- [Source material]:
-- Opening Marker --
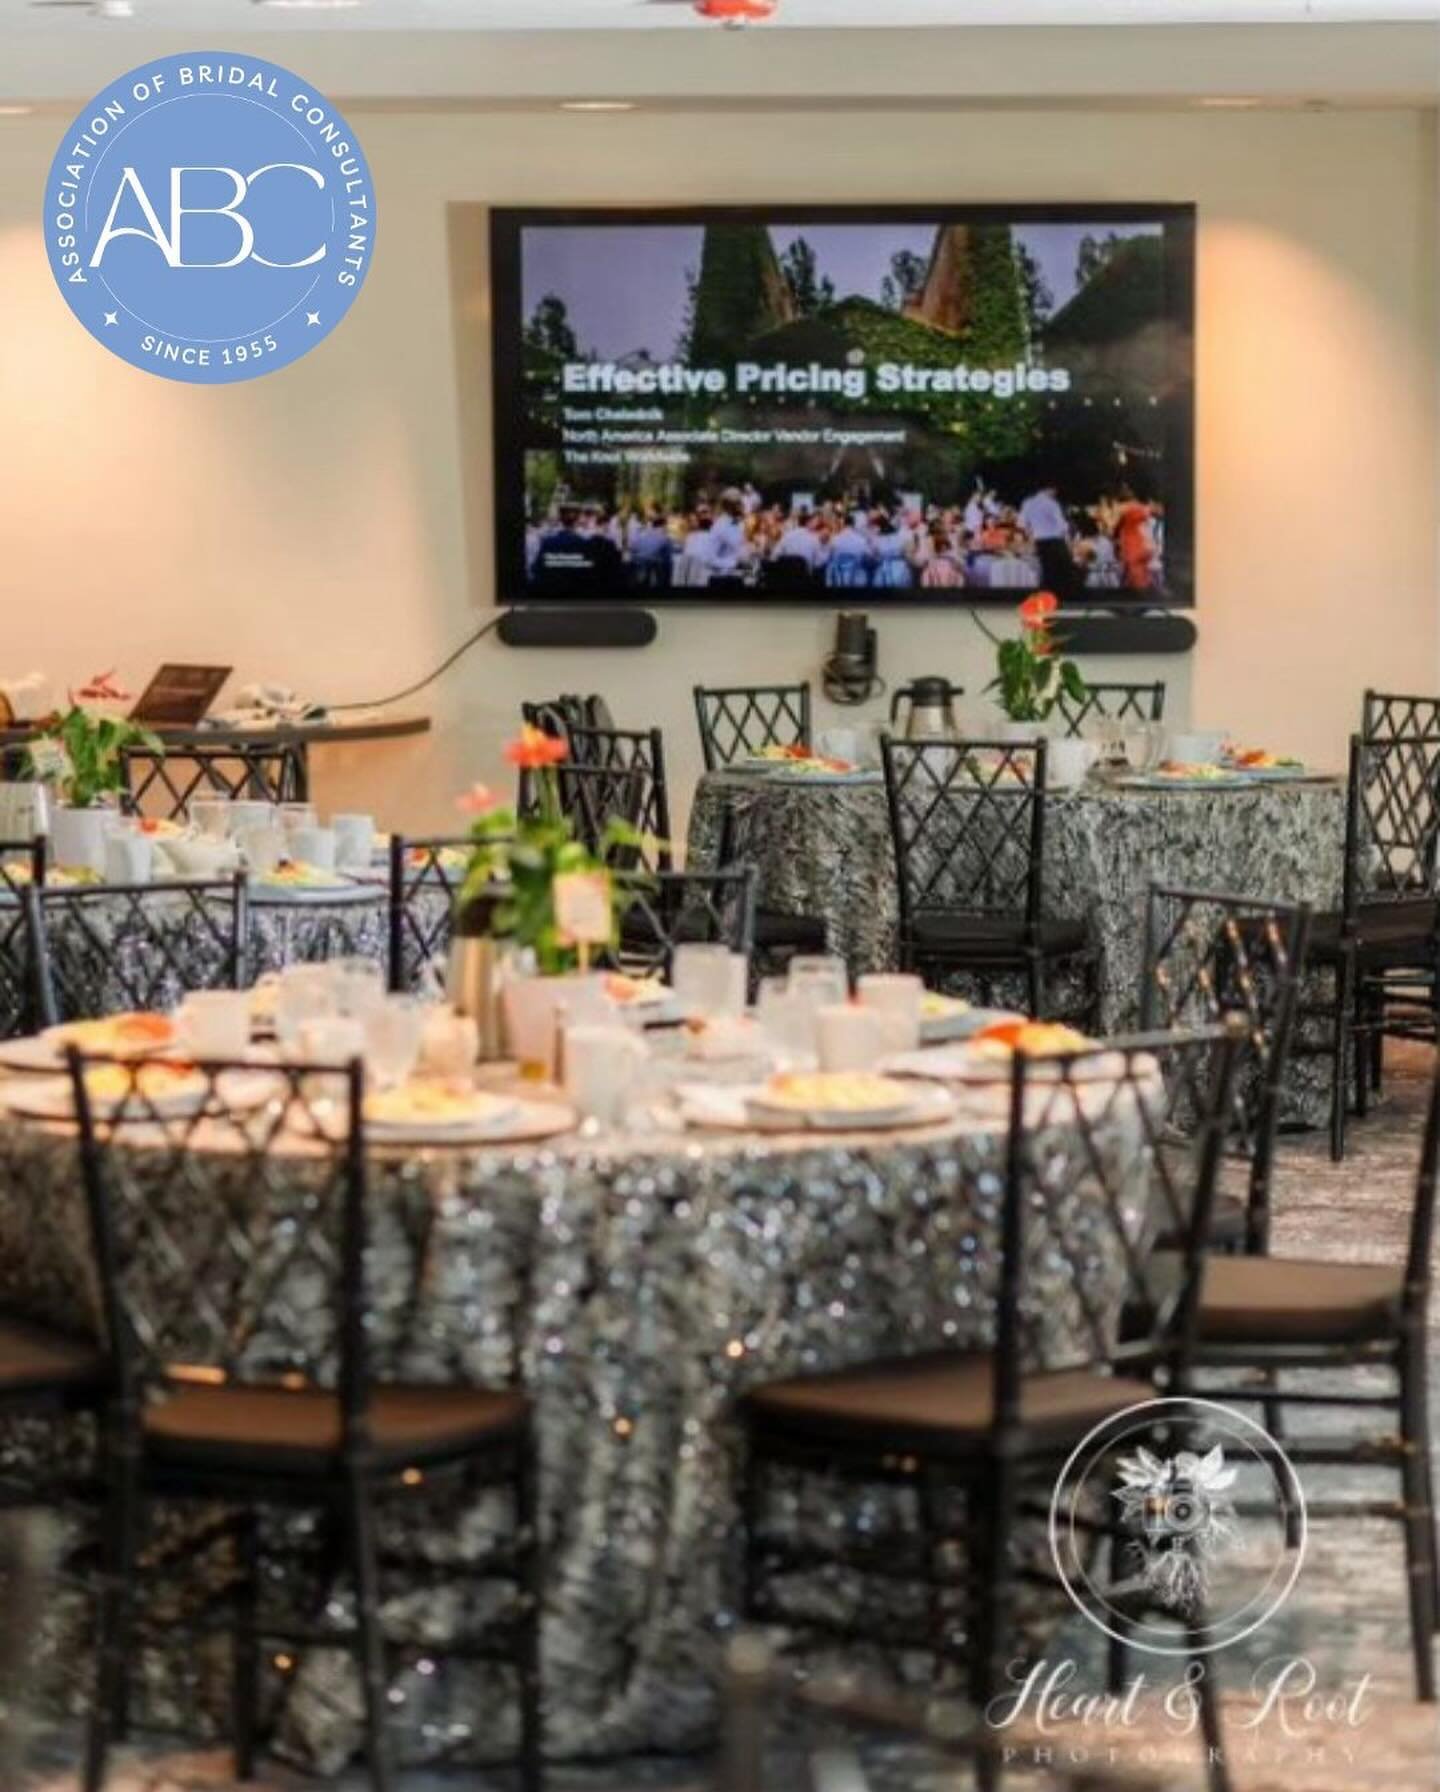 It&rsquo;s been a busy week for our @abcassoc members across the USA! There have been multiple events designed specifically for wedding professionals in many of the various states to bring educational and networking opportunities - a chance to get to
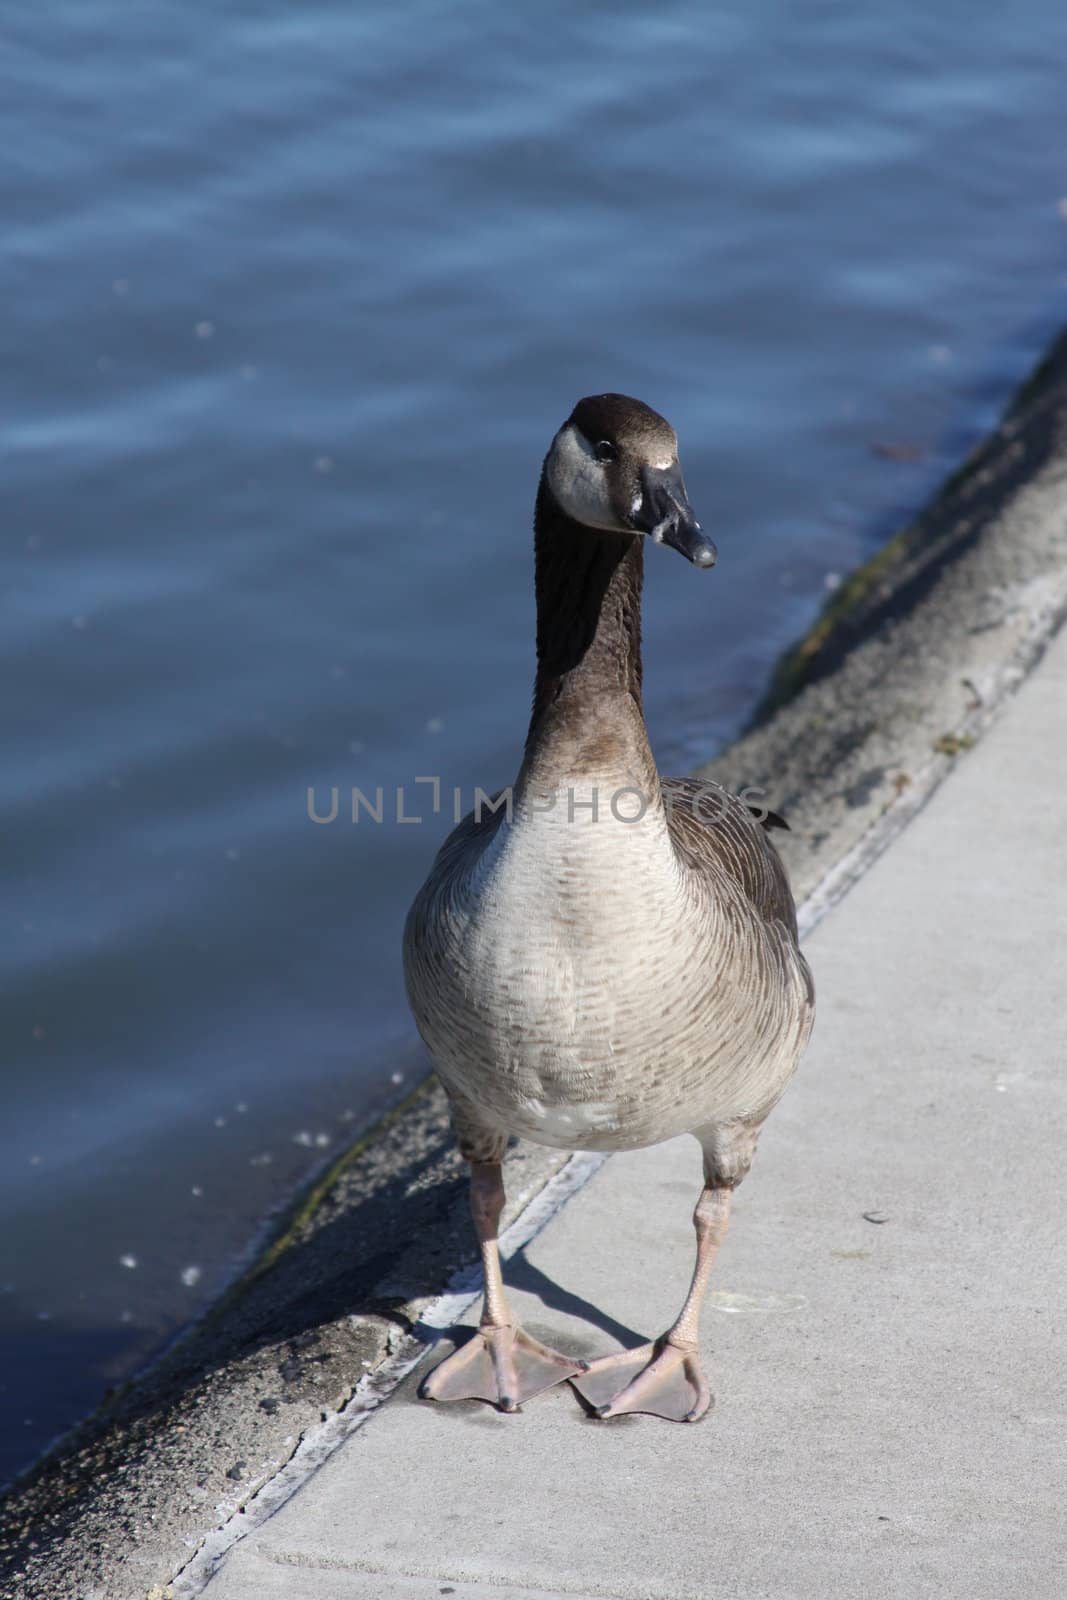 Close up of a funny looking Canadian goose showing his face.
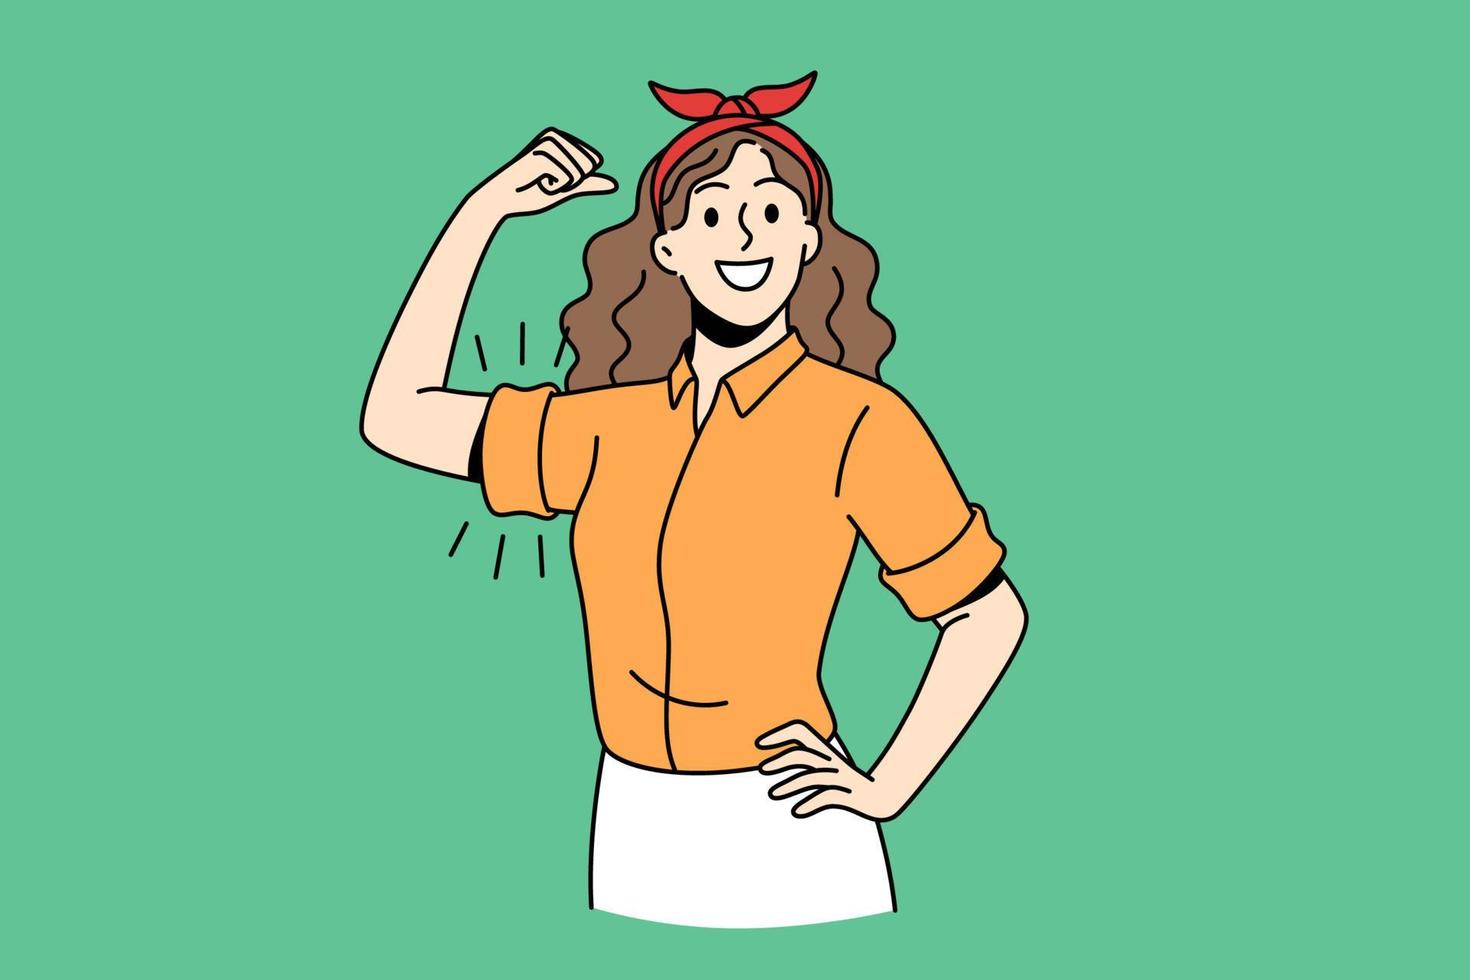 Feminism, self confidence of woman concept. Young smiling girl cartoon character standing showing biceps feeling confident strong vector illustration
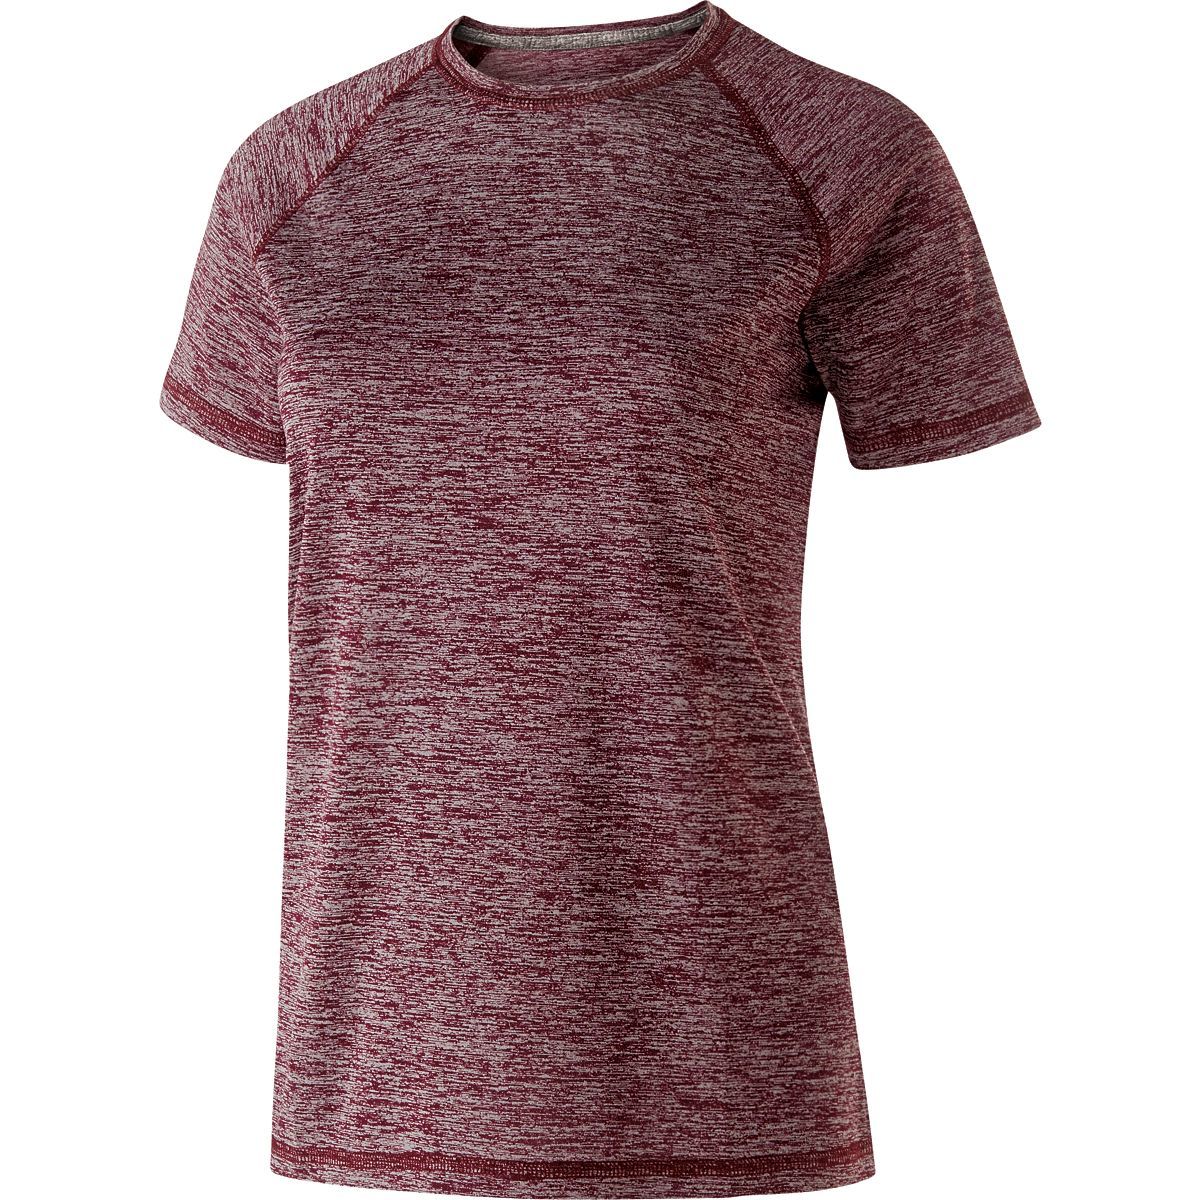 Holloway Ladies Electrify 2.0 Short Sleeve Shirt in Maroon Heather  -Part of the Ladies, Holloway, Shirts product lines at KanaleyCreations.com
-- Closing Marker --
- [Exercise goal]: Output exactly, and with no pictures, the lines from the line that holds "Feminism, self confidence" through the last line of the listing above.

- [Solution to this task]:
 Feminism, self confidence of woman concept. Young smiling girl cartoon character standing showing biceps feeling confident strong vector illustration
 Holloway Ladies Electrify 2.0 Short Sleeve Shirt in Maroon Heather  -Part of the Ladies, Holloway, Shirts product lines at KanaleyCreations.com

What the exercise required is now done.